#### [Exercise input]
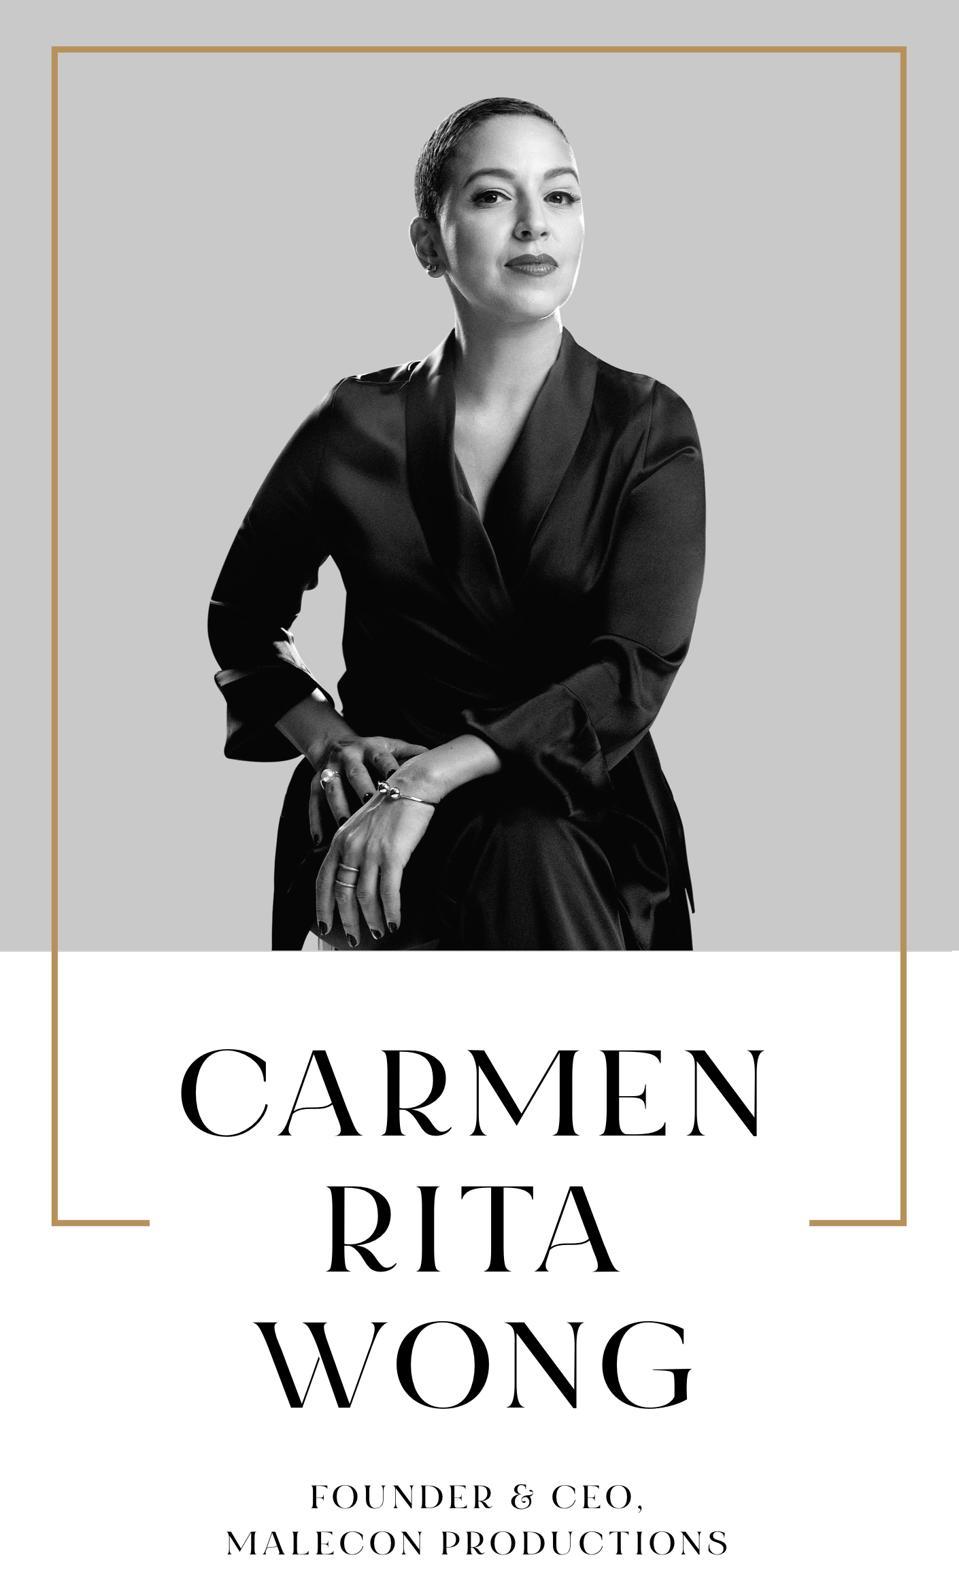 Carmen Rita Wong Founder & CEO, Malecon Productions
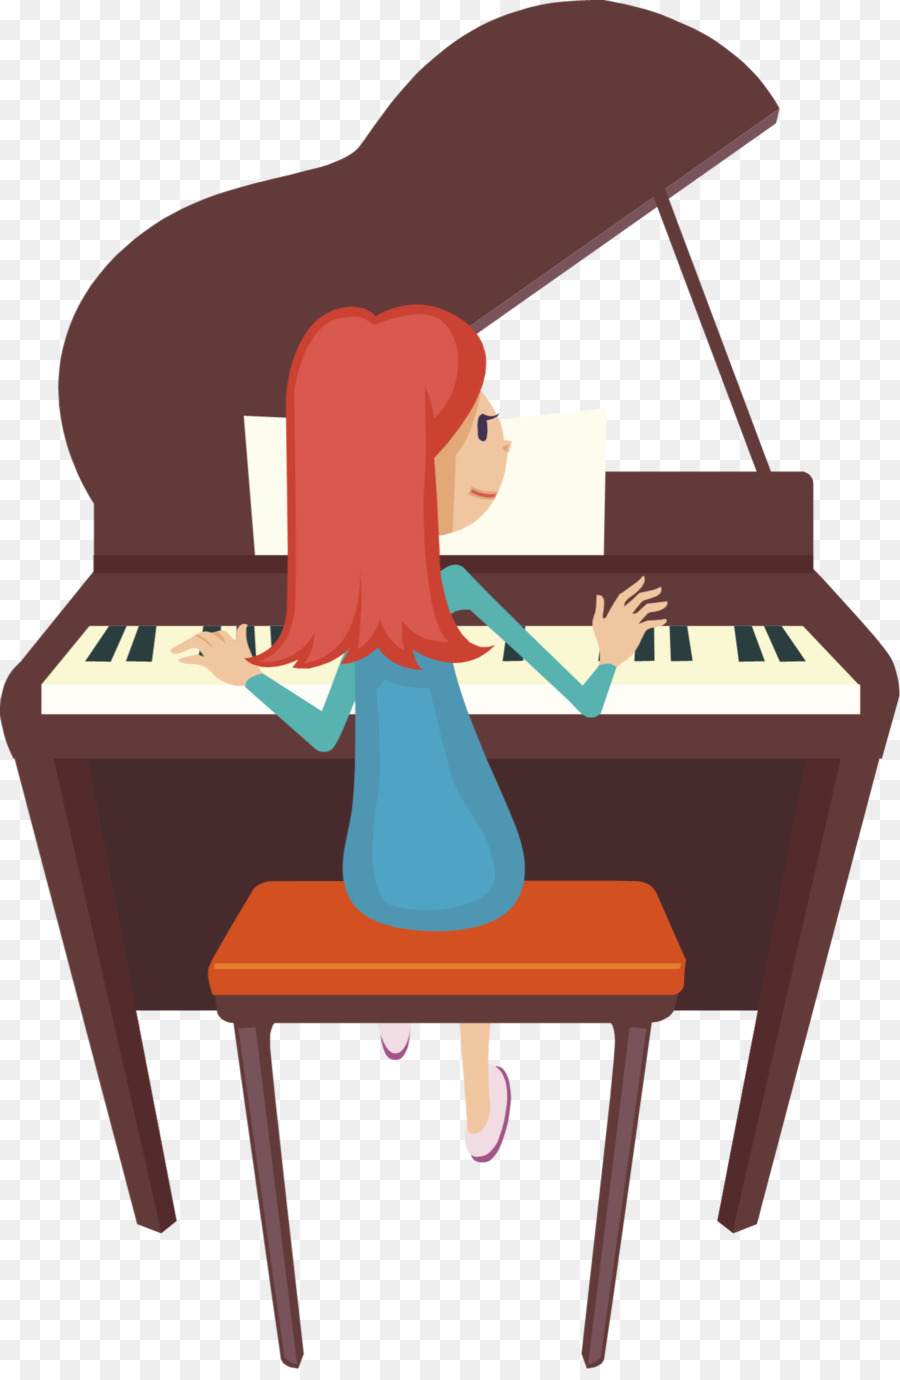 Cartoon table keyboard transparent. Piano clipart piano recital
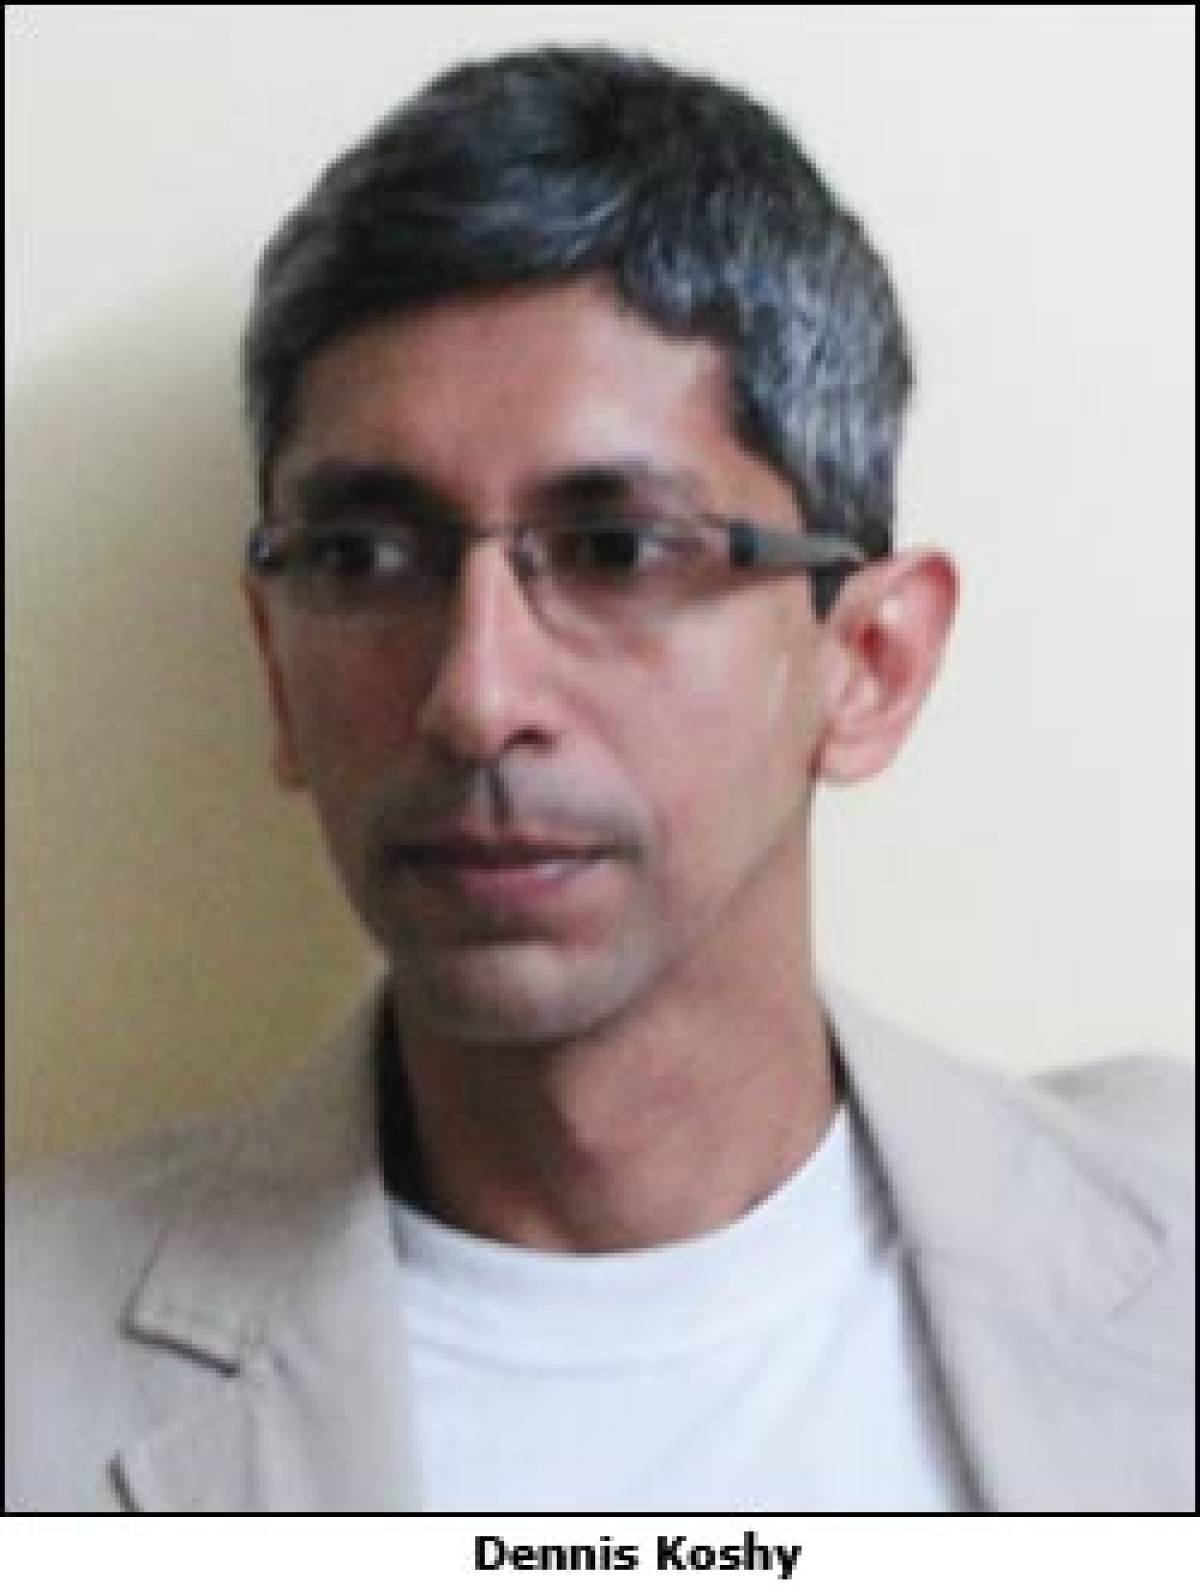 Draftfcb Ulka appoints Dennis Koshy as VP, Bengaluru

---

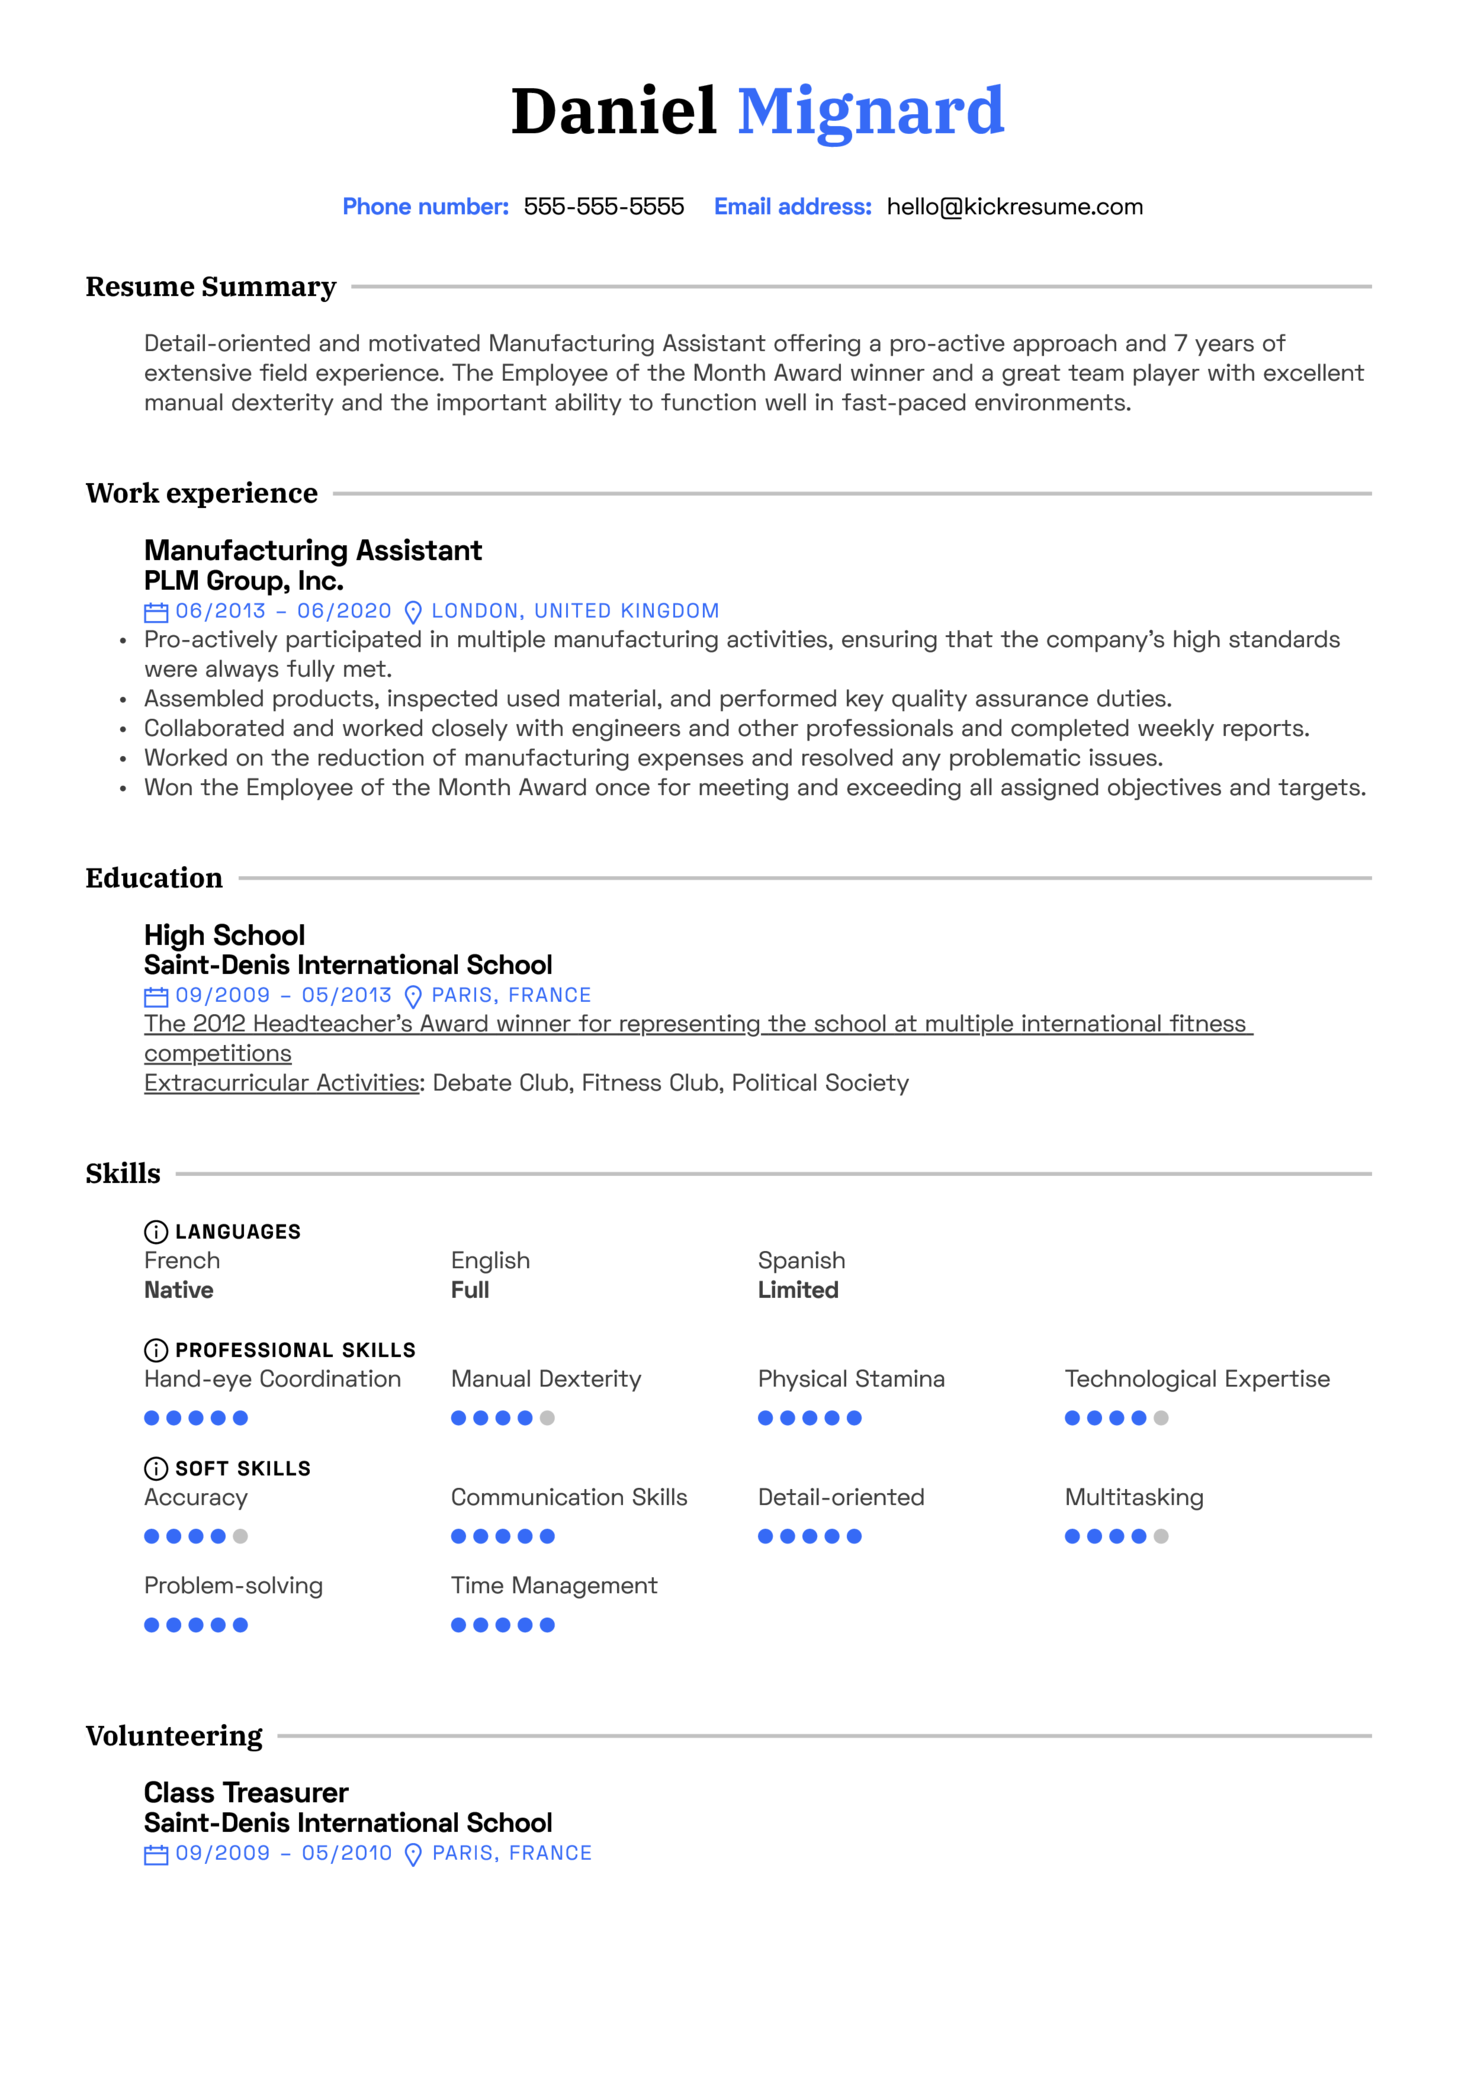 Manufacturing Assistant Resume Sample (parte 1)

#### [Task goal]
Within the listing above, the lines starting at the one containing "Carmen Rita Wong" and ending at the one containing "Draftfcb Ulka appoints" are to be returned exactly. Omit the pictures.

#### [Answer to the exercise]
 Carmen Rita Wong Founder & CEO, Malecon Productions
 Cartoon table keyboard transparent. Piano clipart piano recital
 Draftfcb Ulka appoints Dennis Koshy as VP, Bengaluru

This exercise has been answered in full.